Джастина пожала плечами, залпом допила чай и протянула матери пустую чашку.

– Почем я знаю? – буркнула она.

– Сама не знаю почему, – поправила Фиа. – Надо полагать, на сцене говорят ясно и разборчиво. Но в актрисы ты идешь, чтобы раскрыть то, что в тебе есть, так?

– Ну, наверное, – нехотя согласилась Джастина.

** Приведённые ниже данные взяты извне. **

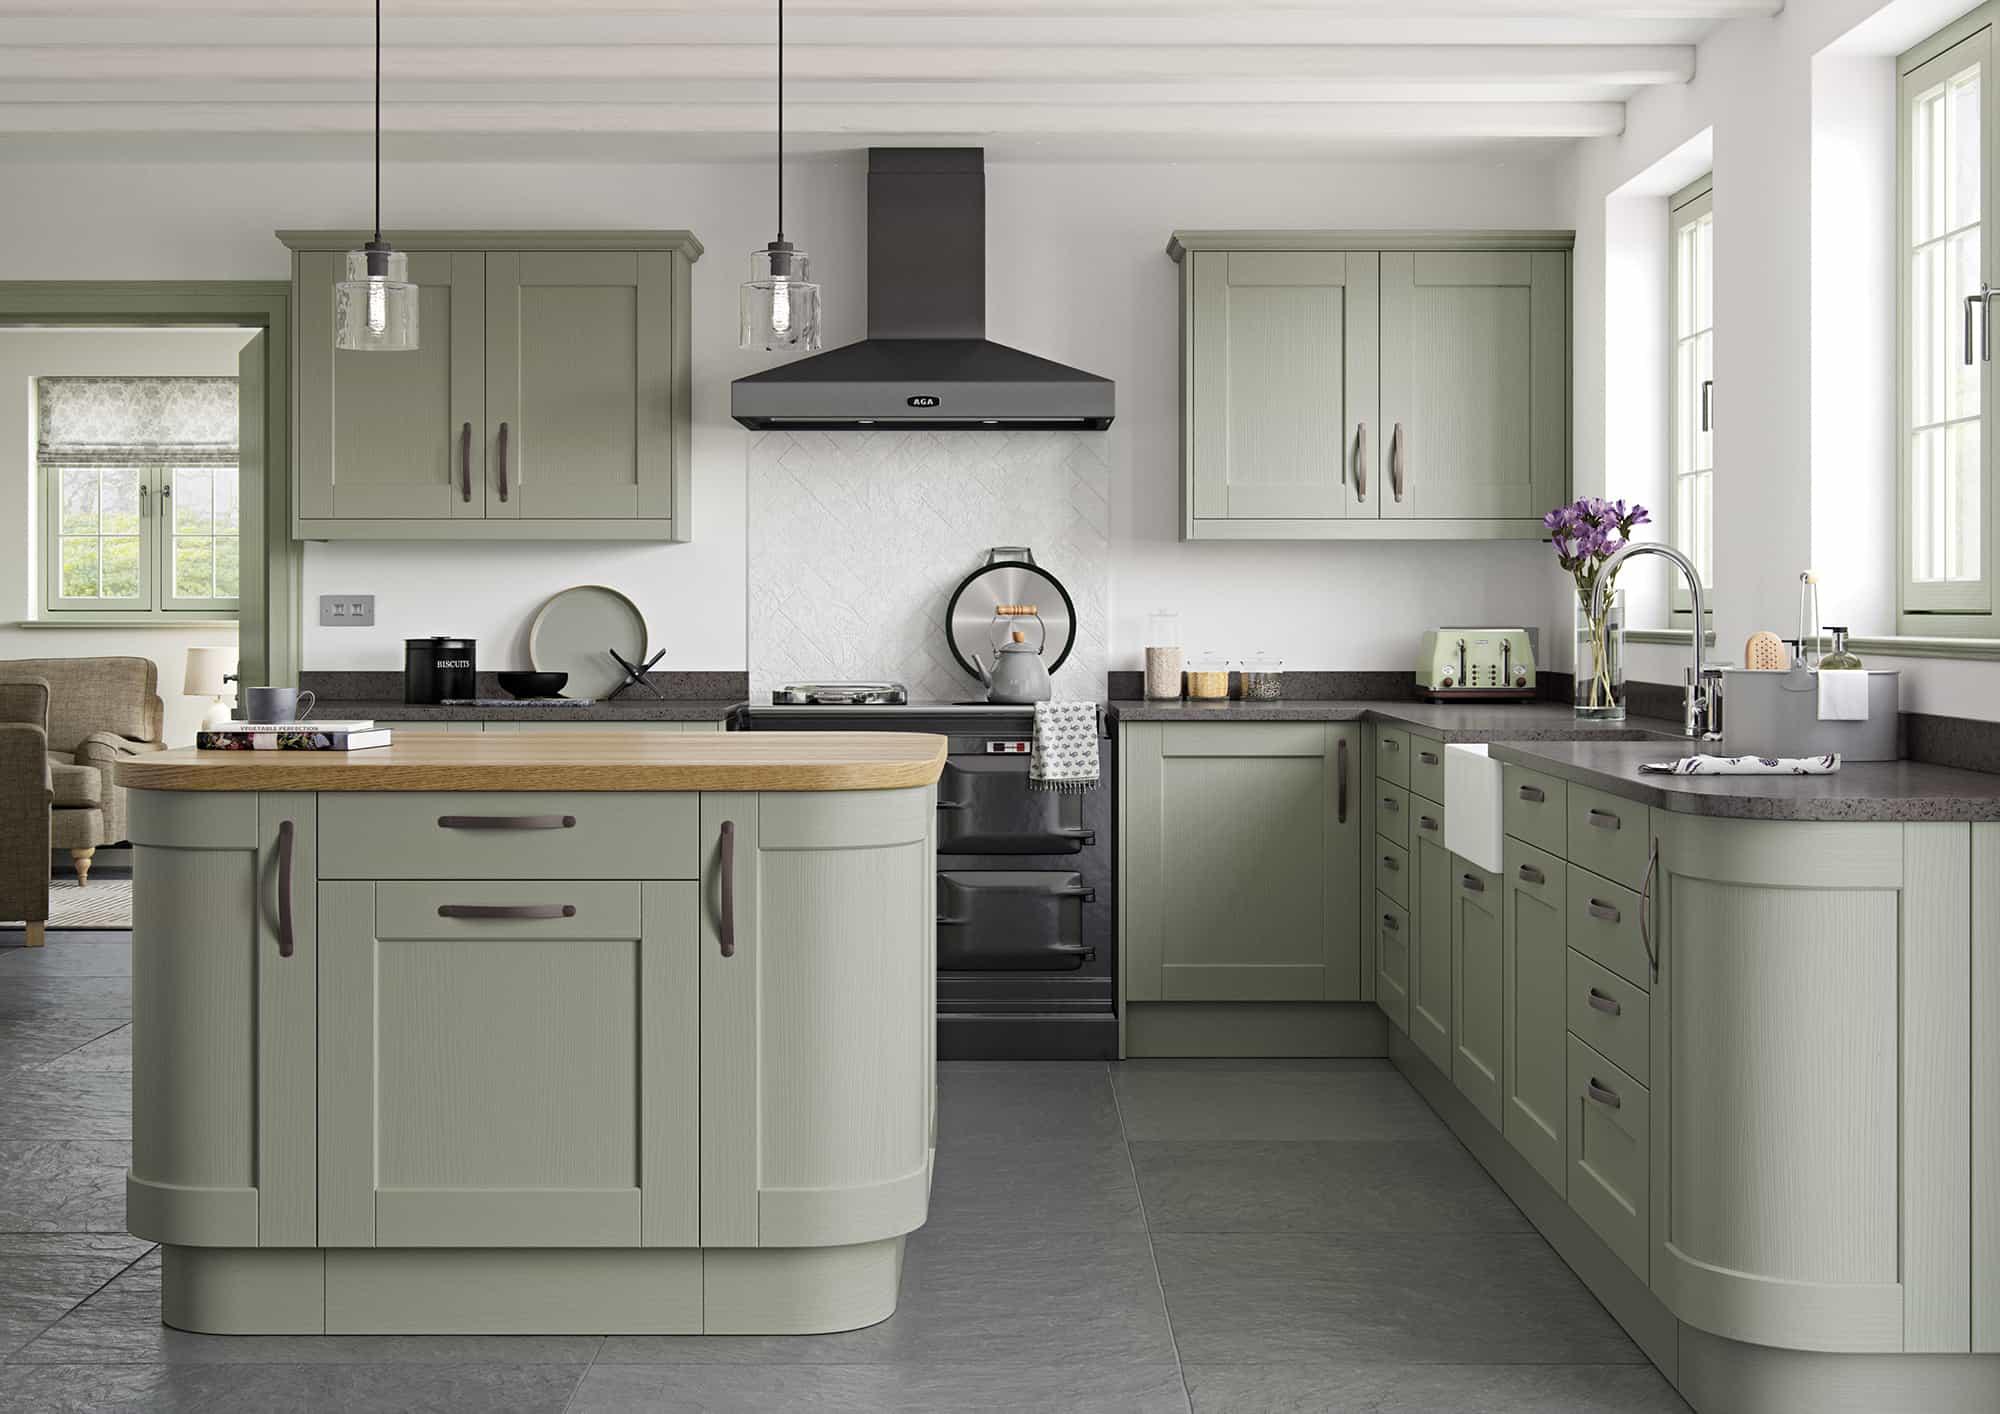 Knightsbridge Sage Green Kitchen - Alex Jane | Kitchens for Kildare, Dublin and Ireland

– Фу-ты! Все Клири одинаковы – вечная гордыня и ослиное упрямство. Смотри, Джастина, научись обуздывать свой норов, не то он тебя погубит. Экая глупость – боишься, вдруг тебя поднимут на смех? А с чего, собственно, ты взяла, что твоя мать уж такая бессердечная? – Фиа легонько похлопала внучку по руке. – Будь помягче, Джастина. Не надо так от всех отгораживаться.

Но Джастина покачала головой:

– Не могу иначе.

Фиа вздохнула:

– Что ж, девочка, в добрый путь, благословляю тебя, только много ли пользы будет от моего благословения…

– Спасибо, бабушка, очень тебе признательна.

– Тогда будь добра, докажи свою признательность делом – поищи дядю Фрэнка и скажи ему, что в кухне готов чай.

Джастина вышла; Мэгги во все глаза смотрела на мать.